The BBL is not consistent with our UN obligations
The ongoing crisis that resulted from the Mamasapano disaster has revealed a serious flaw in the proposed Bangsamoro Basic Law (BBL). The Philippines being a member of the United Nations, it is our obligation to implement all UN resolutions. The current crisis touches one of the most sensitive issues before the UN: the war against terrorism.
The latest UN resolution on this matter is Resolution No. 1373, which was passed on Sept. 28, 2001, following the 9/11 terrorist attacks on the United States, and was adopted unanimously by the UN Security Council. There are many provisions of Resolution 1373 relevant to our current crisis. We shall discuss only three of them. (The full text of the resolution is available on the UN website.)
What allegedly gave rise to the massacre in Mamasapano was the lack of coordination by Philippine National Police-Special Action Force officials with the Moro Islamic Liberation Front. Coordination is one of the protocols in the proposed BBL. But this is the key provision that will make it impossible for us to comply with our UN obligations.
The testimony of PNP officials at the congressional hearings highlights the fact that if “coordination” is done with the MILF and even with the military, the special operation was doomed to fail. The US government did not inform Pakistan when its troops took down Osama Bin Laden in Abbotabad. This bypassing of the local government has a long history.
During the Vietnam War, almost all joint US-Vietnamese operations against the Vietcong were futile because the South Vietnamese government had so many Vietcong sympathizers in its ranks. Almost all such special ops were betrayed to the communists. Thus, in Afghanistan and in the Iraq War in 1992, most special ops of the United States and Nato were carried out without informing the locals.
Having said that, we must add that the two interrelated provisions in Resolution 1373 are paragraphs 2(c) (which calls on UN members to “deny safe haven to those who finance, plan, support, or commit terrorist acts, or provide safe havens”) and paragraph 2(e) (“Ensure that any person who participates in the financing, planning, preparation or perpetration of terrorist acts or in supporting terrorist acts is brought to justice and ensure that, in addition to any measures against them, such terrorist acts are established as serious criminal offenses in domestic laws and regulations and that the punishment duly reflects the seriousness of such terrorist acts”).
Under Resolution 1373, it is not only the MILF combatants but also the MILF officials who ordered the massacre that must be surrendered to the government so they can be brought to justice.
We cannot take this matter lightly.
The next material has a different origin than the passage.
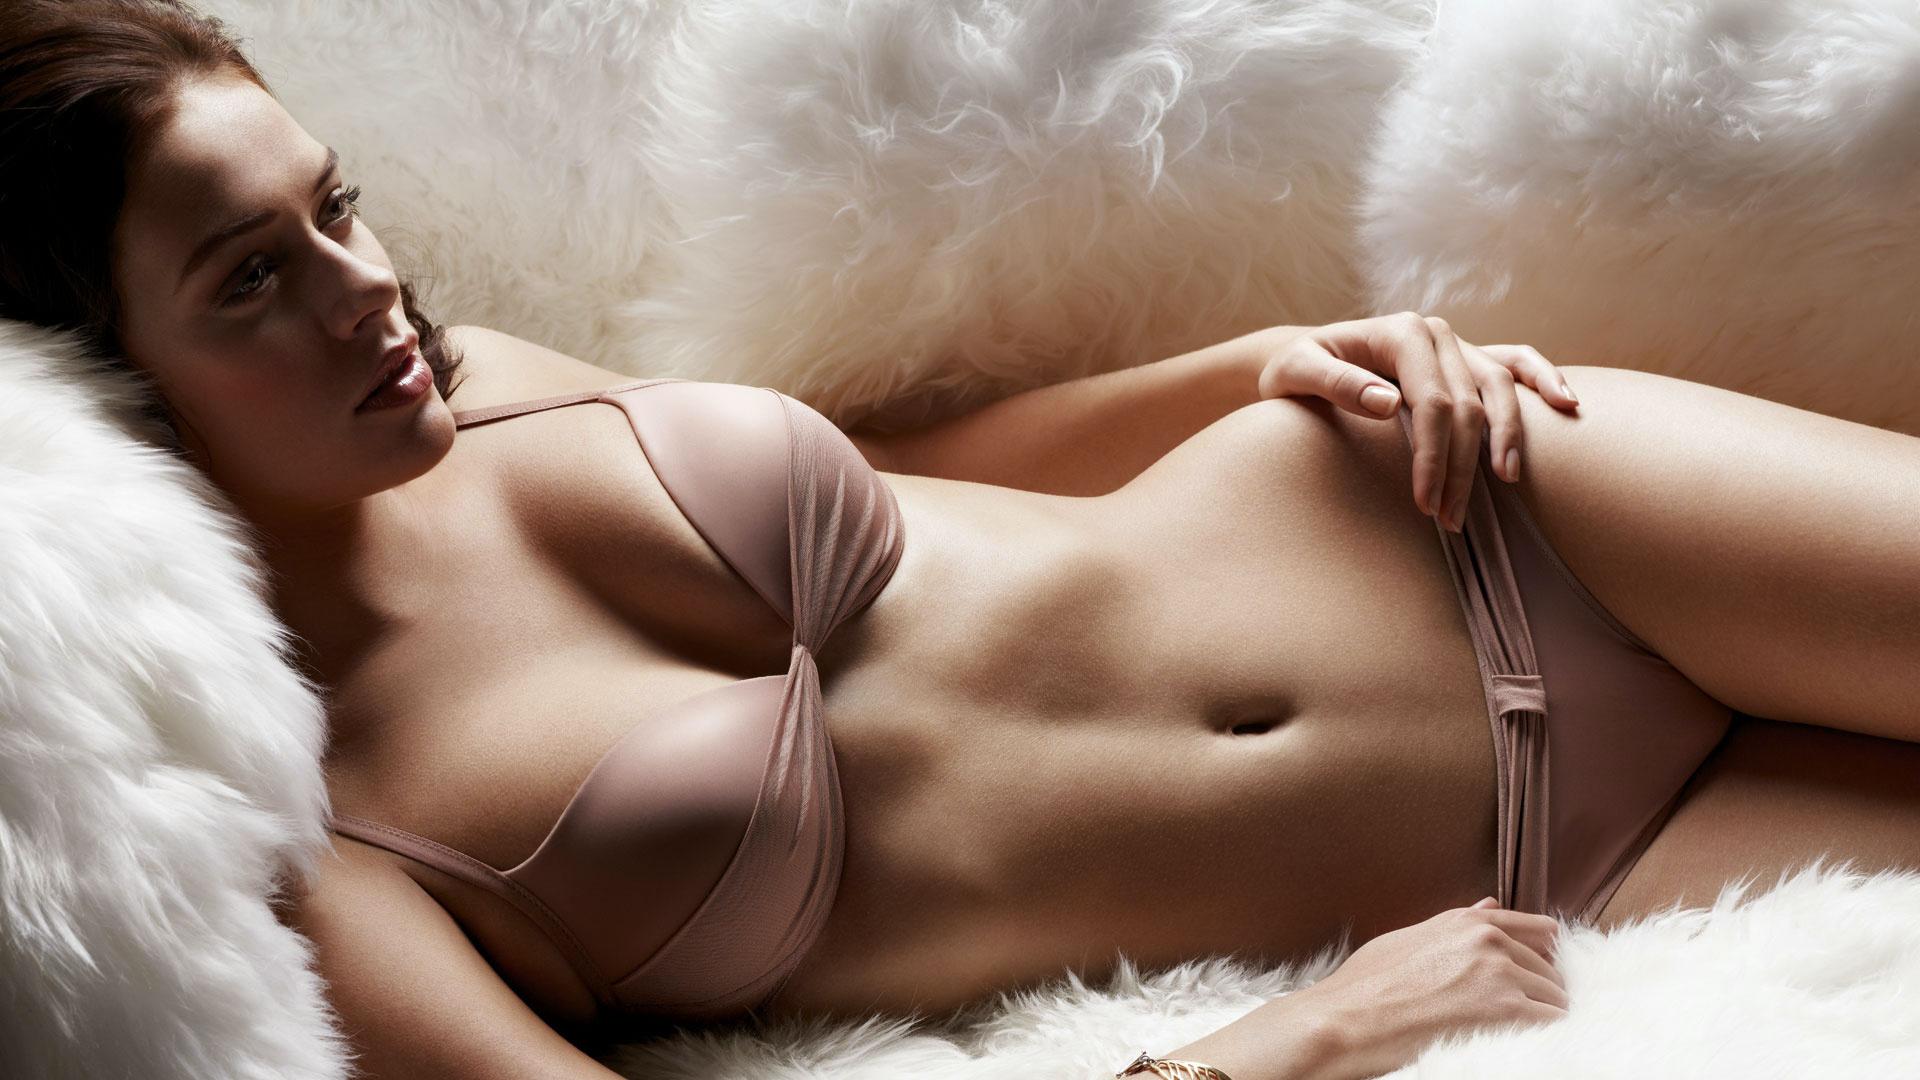 luchshie-ero-modeli-rossii-porno-filmov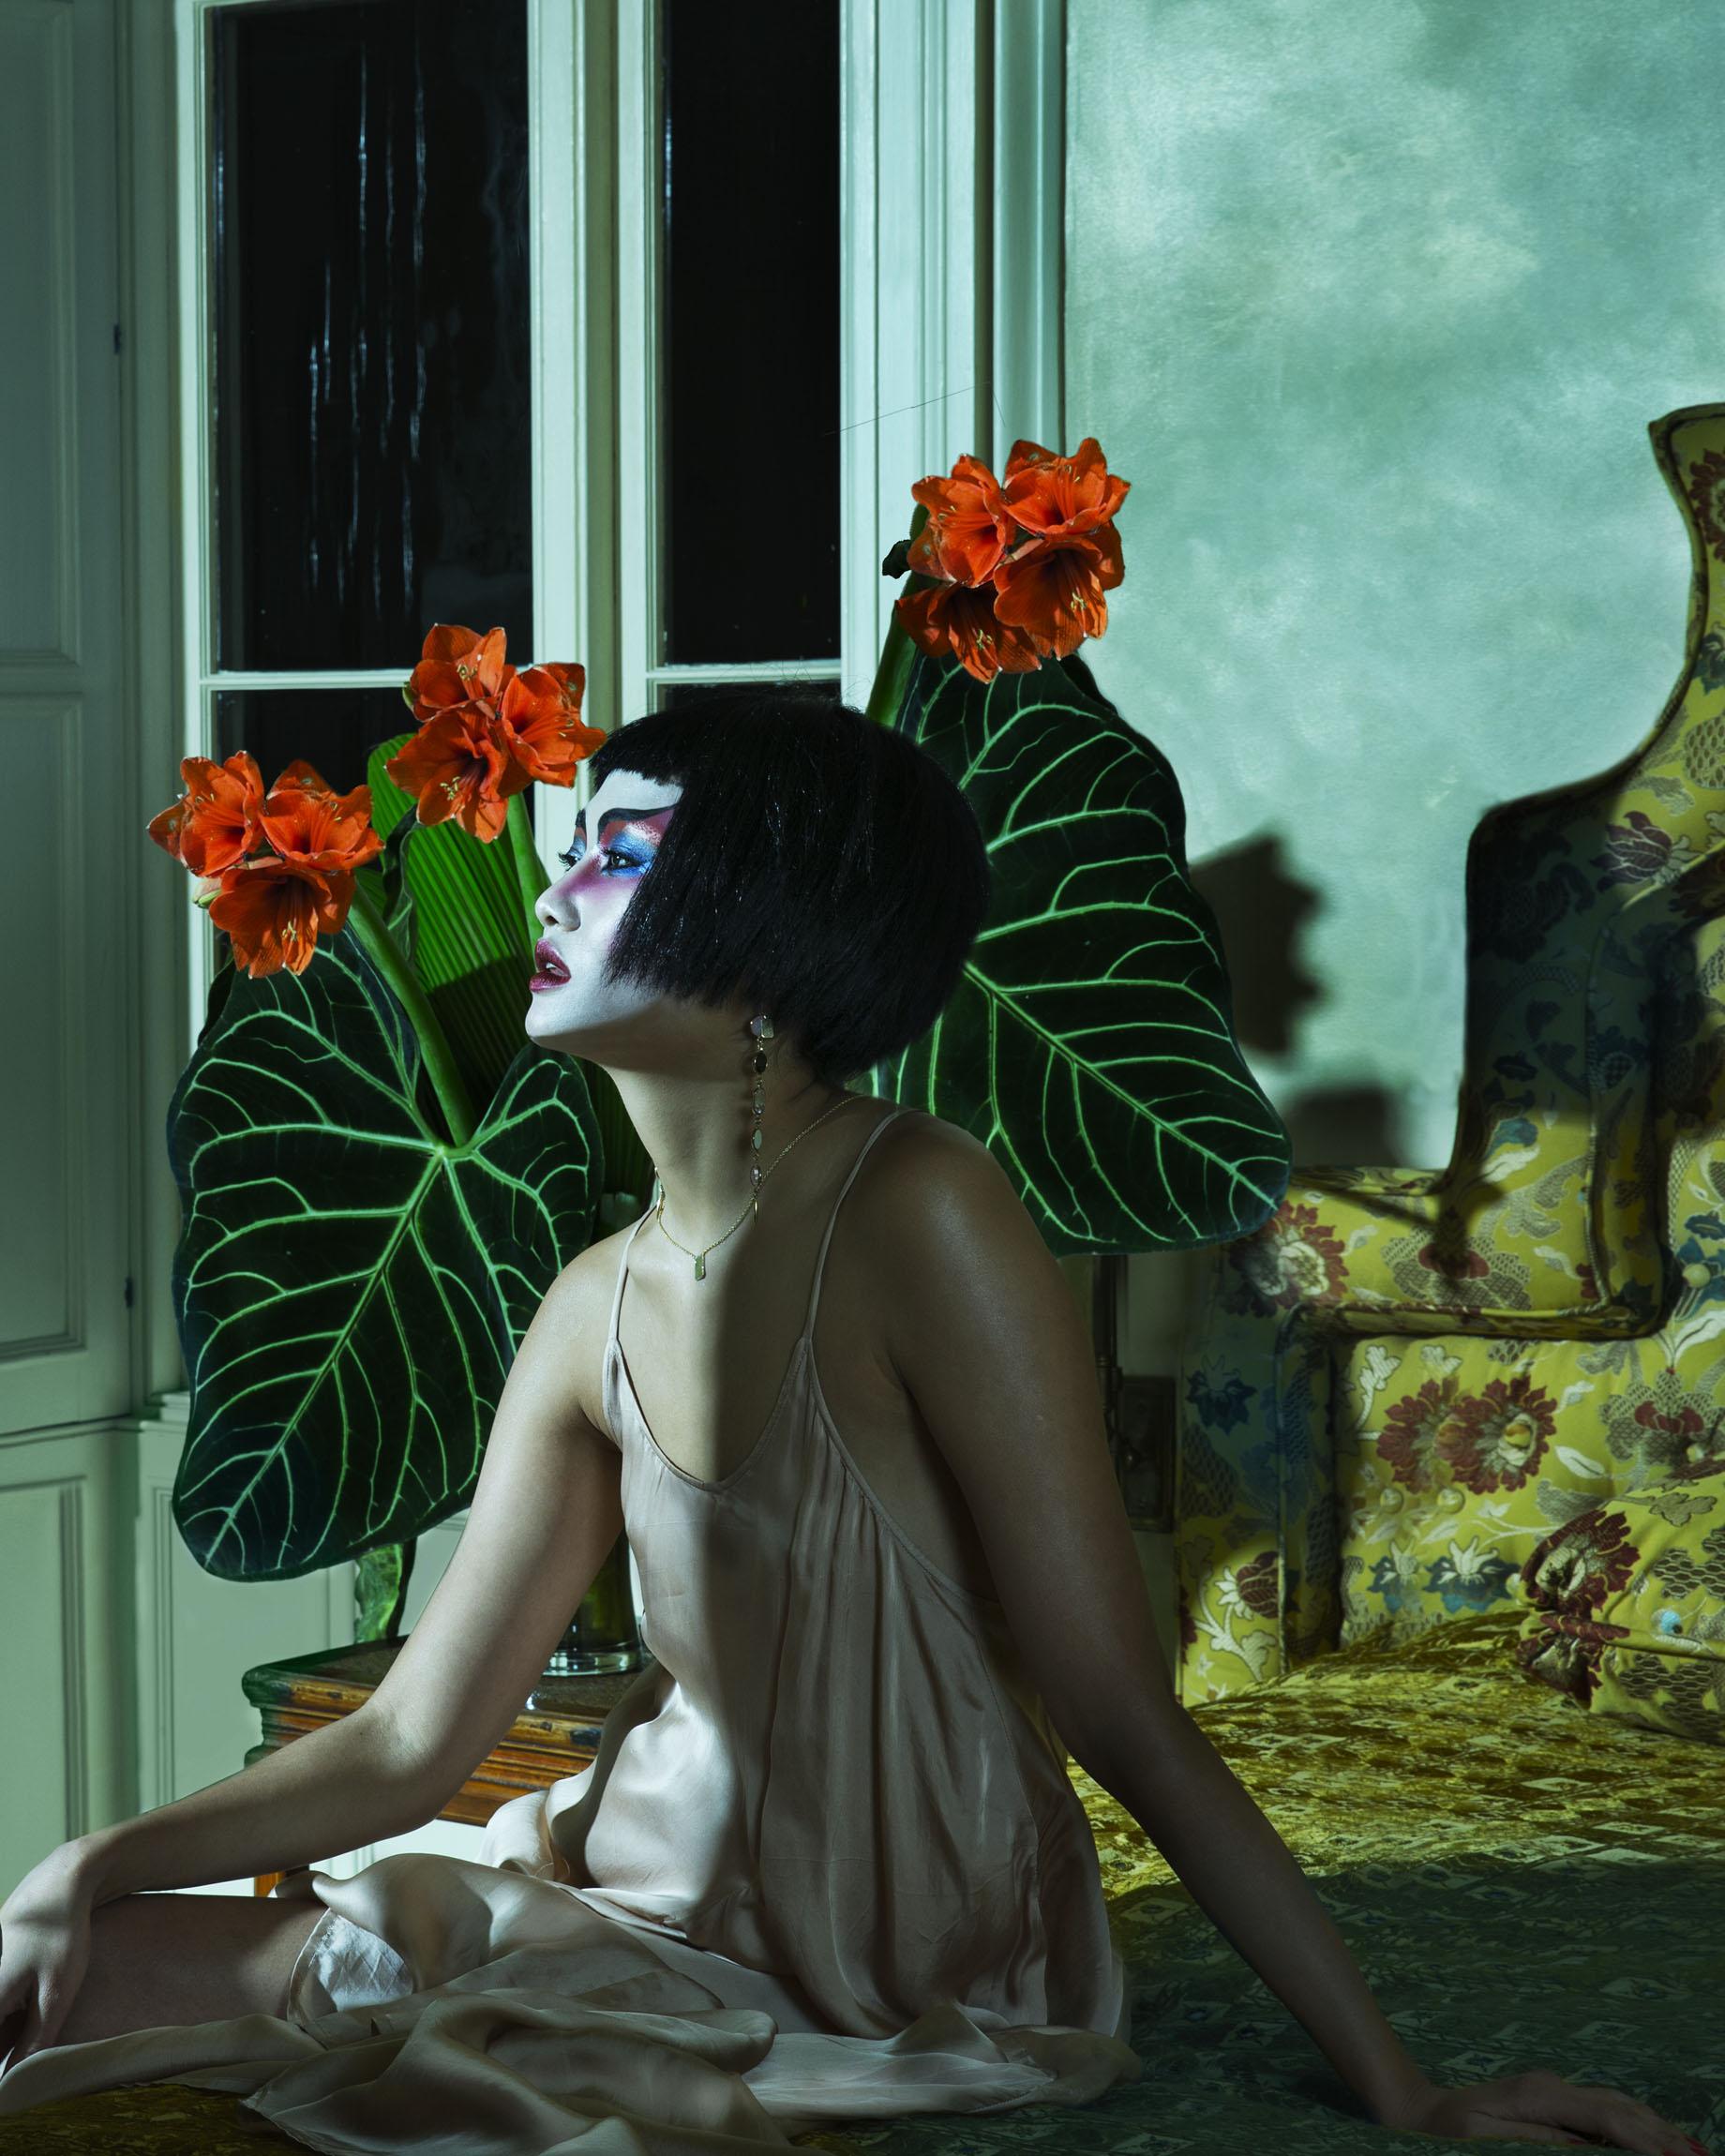 Spirit-&-Flesh-Magazine_PRESTIGE-by-Roy-Schweiger_07

Violations of UN resolutions can result in sanctions against the Philippines. This matter can be triggered if terrorist acts are committed against any neighboring country, initiated by terrorists based in our country. The country victimized by terrorism can elevate the issue to the UN. Our fragile economy cannot withstand UN sanctions. Thus, our entire country can suffer for the infractions committed in Bangsamoro territory by MILF officials.
This is the opportunity for the MILF to show good faith: by surrendering to the government all those who participated in the SAF 44 massacre. The Philippines’ international obligations also bind the MILF. If the MILF fails to comply, it will run afoul of the other provision of paragraph 2(c) of Resolution 1373, which prohibits providing a safe haven for terrorists.
Thus, the BBL and its protocols, with the provision calling for “coordination” with the MILF before our armed forces can operate in Bangsamoro territory, will be difficult to retain. It will be near-impossible for us to comply with the UN resolutions on terrorism with this provision in the BBL. Our armed forces should be able to operate freely in any part of our territory as the situation demands so we can honor our commitments to the UN.
The third provision of Resolution 1373 that has a bearing on the current crisis is the preamble stating that it is “calling on states to work together urgently to prevent and suppress terrorist acts, including through increased cooperation and full implementation of the relevant international conventions relating to terrorism.” The war on terrorism is a cooperative endeavor of all UN member-nations. So under Resolution 1373, we can seek the assistance not only of the United States but also of any other UN member in our fight against terrorism.
The leftist members of Congress are asking for an investigation of US participation in the operation in Mamasapano. Such an inquiry will be a waste of time and resources. The most valuable commodity in the fight against terrorism is intelligence. Our intelligence service does not operate on a worldwide basis. Thus, we have to solicit the assistance of friendly governments to supply us with intelligence on terrorism. If we do not do this, we will be isolated from the international community in the global fight. In due time, the Philippines may become the safest haven for terrorists.
Hermenegildo C. Cruz was Philippine ambassador to the United Nations in 1984-1986.